Pour sa part, le rapport d’information adopté par le Comité dresse déjà plusieurs constats :
Le Comité recense une série de bonnes pratiques souvent à l’origine de la réussite de corégulations et
d’autorégulations. On y relève d’abord un souci de l’intérêt général et de valeurs fondées sur la bonne
foi, le partenariat, le respect de la loi. La transparence des règles et des procédures est un point
important, tant en ce qui concerne l’objectif visé que la publicité des dispositions. La représentativité
des acteurs socioprofessionnels et leur capacité à tenir les engagements jouent aussi un rôle majeur,
à l’instar du contrôle et du suivi de ces engagements, qui peuvent être attestés par des labels ou des
guides de référence, et comporter des sanctions en cas de défauts d’application. Enfin, ces accords
comportent souvent des clauses de révision.
Le Comité note aussi certains avantages inhérents aux corégulations et aux autorégulations. Elles
contribuent à supprimer des obstacles parfois complexes au fonctionnement du marché intérieur. Elles
sont souvent plus simples à appliquer que des réglementations classiques, ayant été directement
conçues par les milieux directement concernés. Elles font généralement preuve de souplesse et de
rapidité, gages de leur faculté d’adaptation aux changements. Elles contribuent à désencombrer les
circuits législatifs, permettant au législateur de se concentrer sur l’essentiel, tout en lui laissant toute
latitude pour surveiller ces pratiques. Enfin, elles assurent une véritable coresponsabilité des acteurs
économiques et sociaux, qui renforce les bases de la construction européenne et son adaptation aux
nouveaux enjeux.
Les autorégulations ont aussi leurs limites face au législateur. Certaines peuvent s’avérer déficientes
en raison d’un suivi insuffisant de leur mise en œuvre et d’une absence de sanctions. Des problèmes
de pleine compatibilité avec la loi peuvent parfois être posés, notamment en matière de concurrence
ou d’éthique. Des autorégulations peuvent aussi s’avérer inaptes à suppléer au législateur, notamment
dans des domaines intéressant la santé ou la sécurité, même si elles peuvent l’appuyer et le compléter
utilement. Des remèdes peuvent parfois être apportés à ces limites en renforçant le dispositif même
d’autorégulation ou en resserrant le partenariat avec le législateur.

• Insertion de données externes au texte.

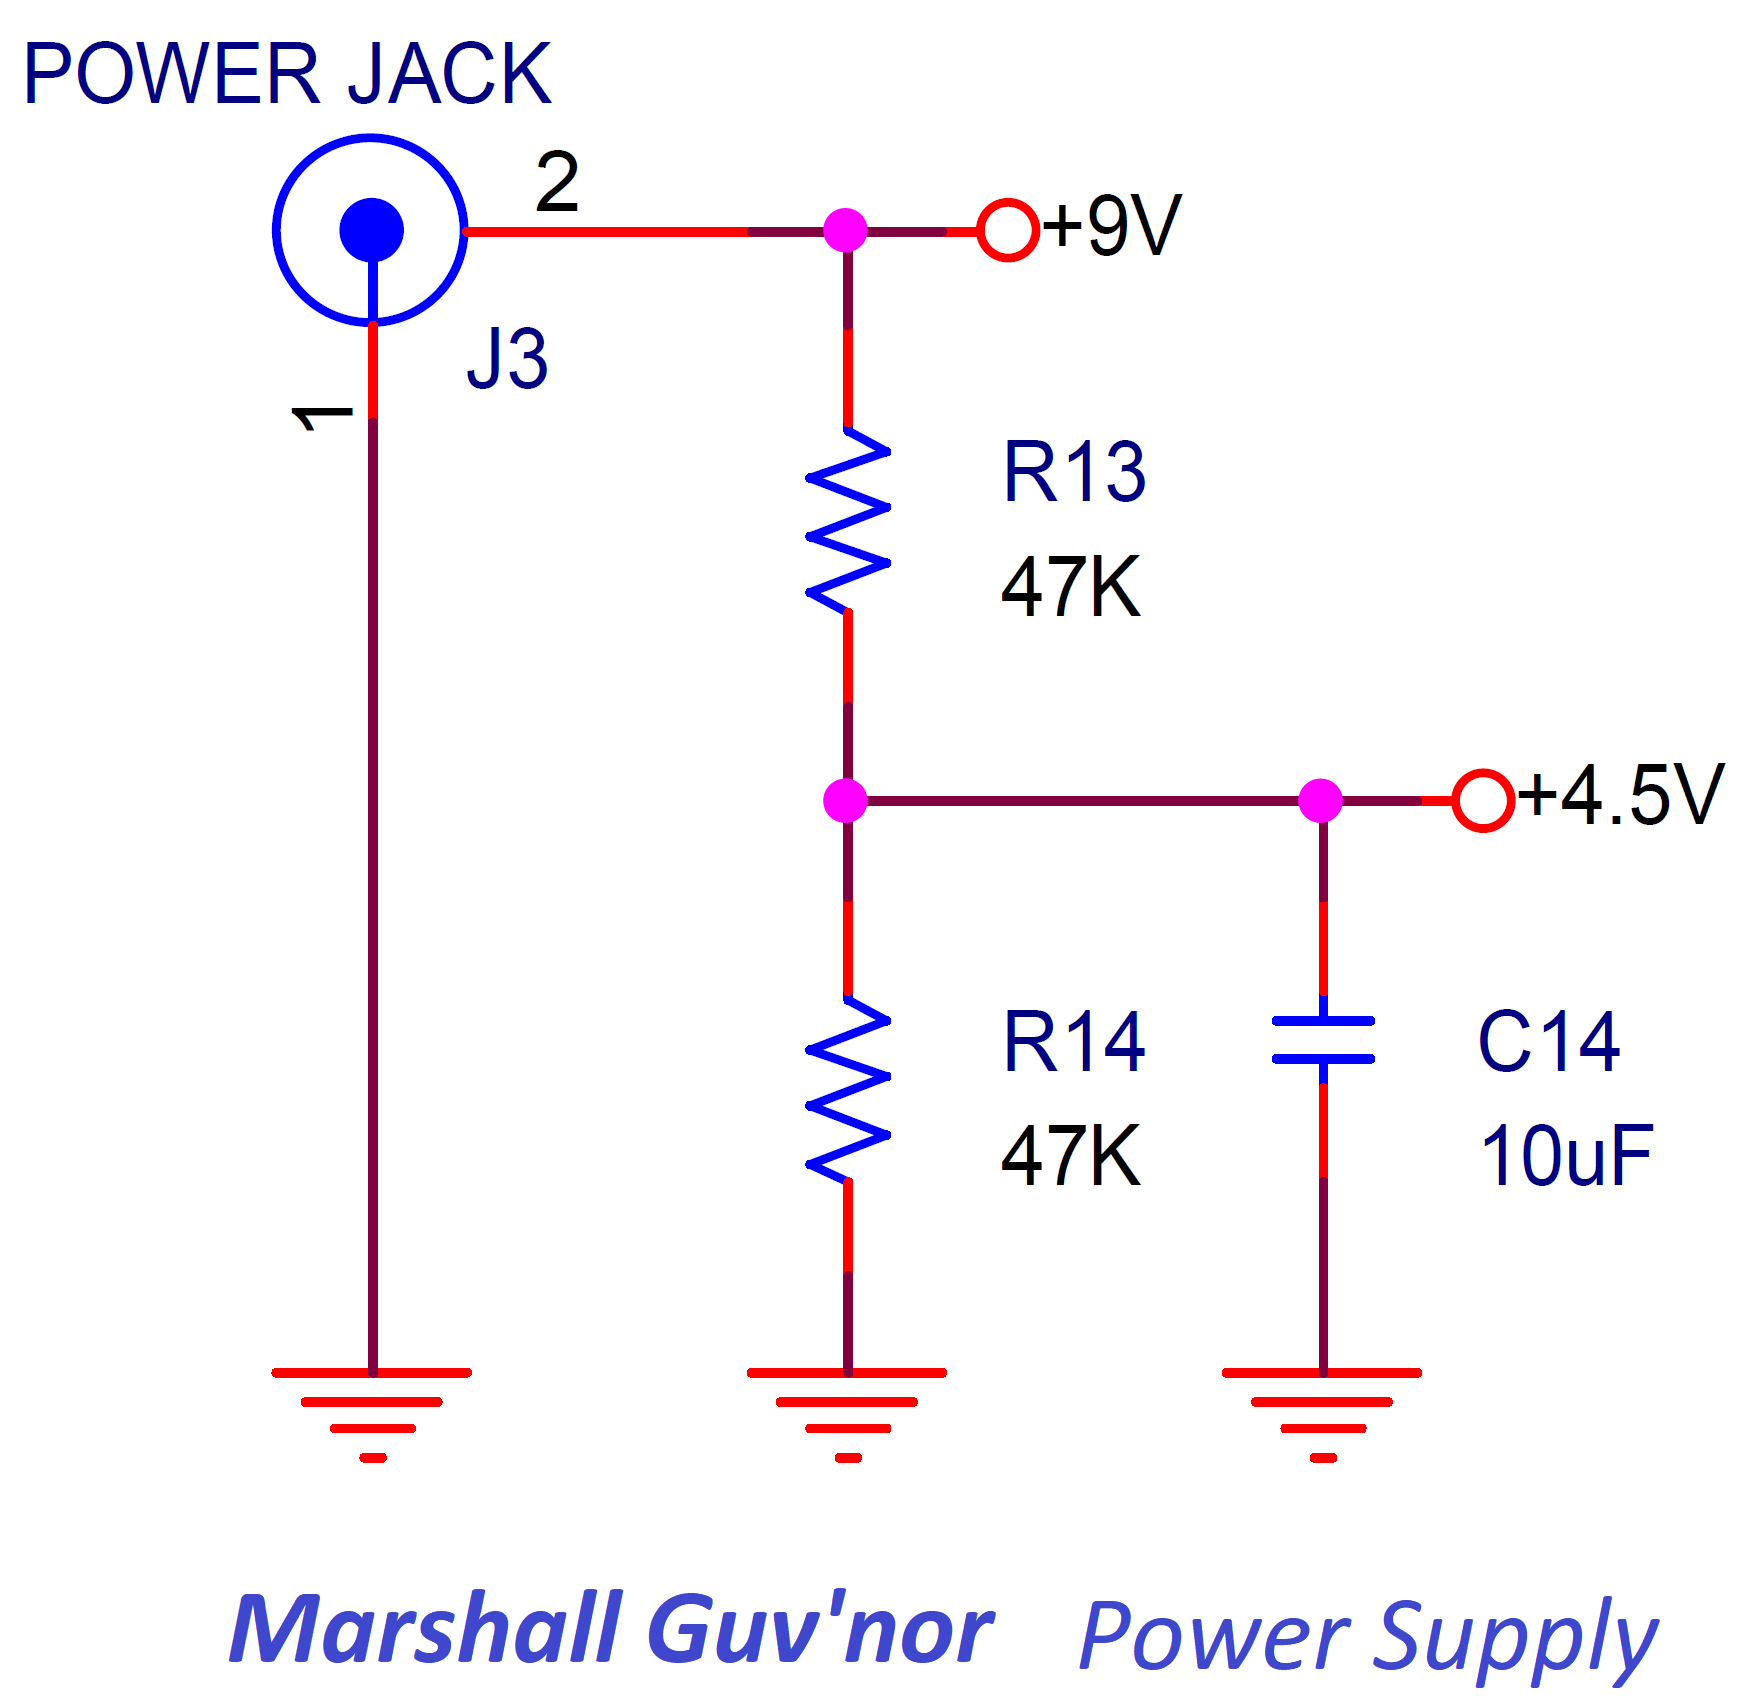 marshall guvnor power supply circuit
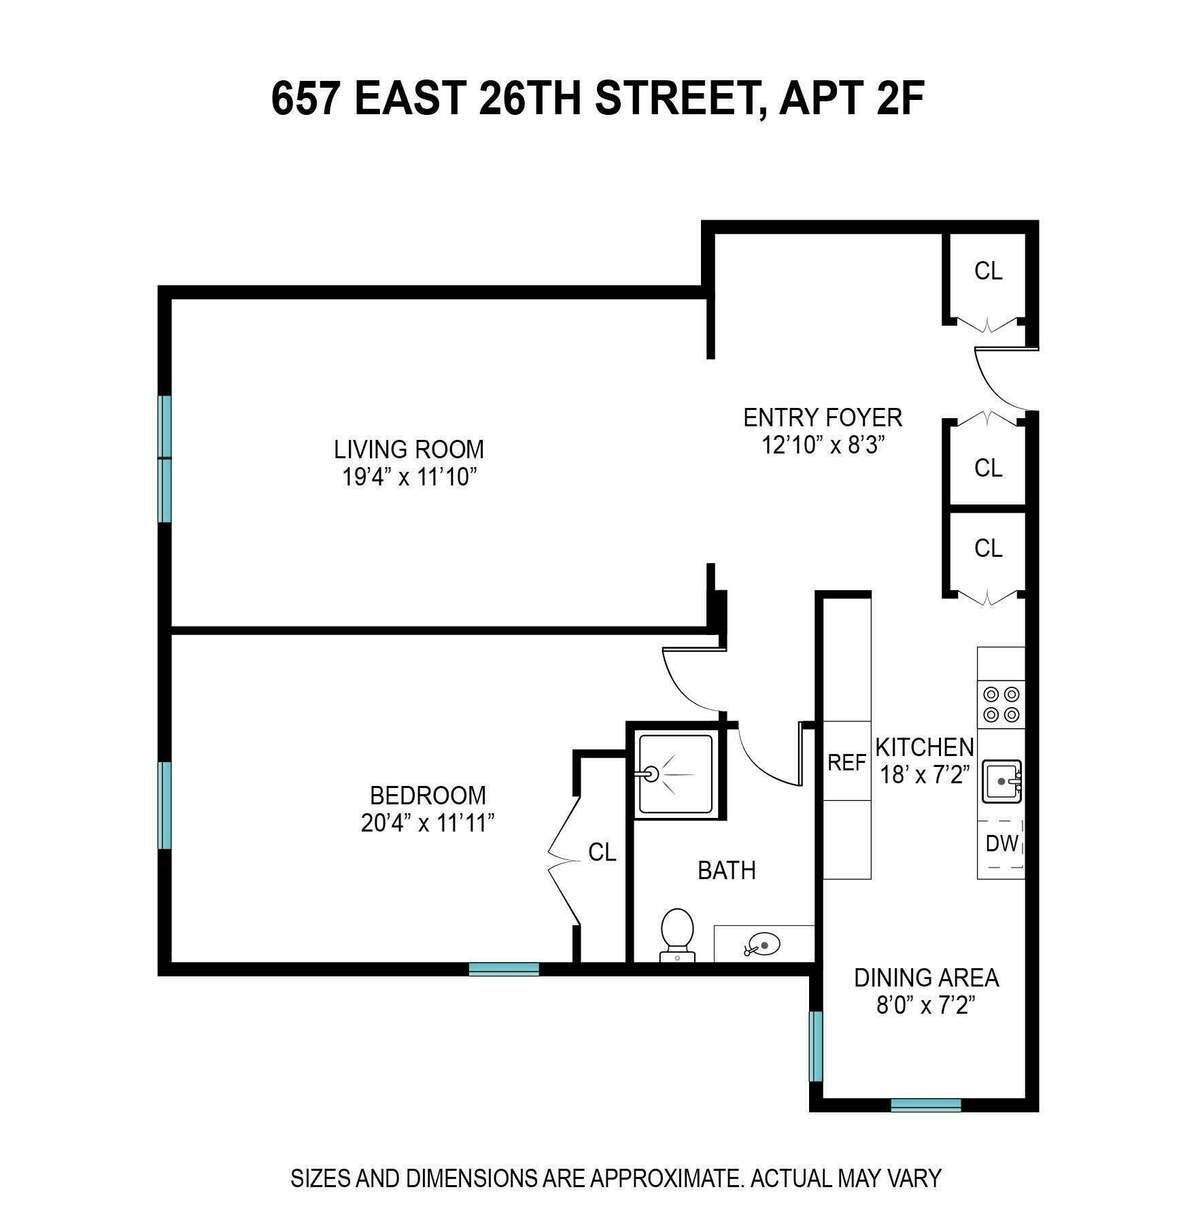 floorplan of unit 2f at 657 east 26th street

Le Comité conclut son rapport sur la nécessité d’optimiser les avantages de la corégulation et de
l’autorégulation, avec davantage d’espaces de libertés et une meilleure diffusion de l’information sur
ces initiatives, tout en palliant leurs limites, notamment en encourageant un suivi rigoureux et un
partenariat renforcé avec les pouvoirs publics. Un tel développement de ces approches sera utile à
tous. Les pouvoirs publics gagneront en efficacité en se recentrant tout en gardant un rôle de contrôle.
Les entreprises et les acteurs socioprofessionnels prendront davantage d’initiatives en ayant plus de
libertés et de responsabilités. Les consommateurs et les usagers bénéficieront de meilleurs services et
d’une sécurité accrue, tout en pouvant recourir aussi à des modes alternatifs simplifiés de règlement
des litiges. Quant à la construction européenne, elle bénéficiera d’une dynamique plus forte en
s’appuyant sur l’implication directe des acteurs de la société civile.
Le Comité, qui a convenu de renforcer sa coopération avec la Commission sur le développement de
ces approches alternatives de réglementation, continuera à l’avenir de faire régulièrement le point en
ces domaines, en s’appuyant sur son dialogue permanent avec les associations socioprofessionnelles
européennes et sur la rénovation en cours de sa base de données PRISM, qui est appelée à devenir
«la» base de données européenne de l’autorégulation et de la corégulation.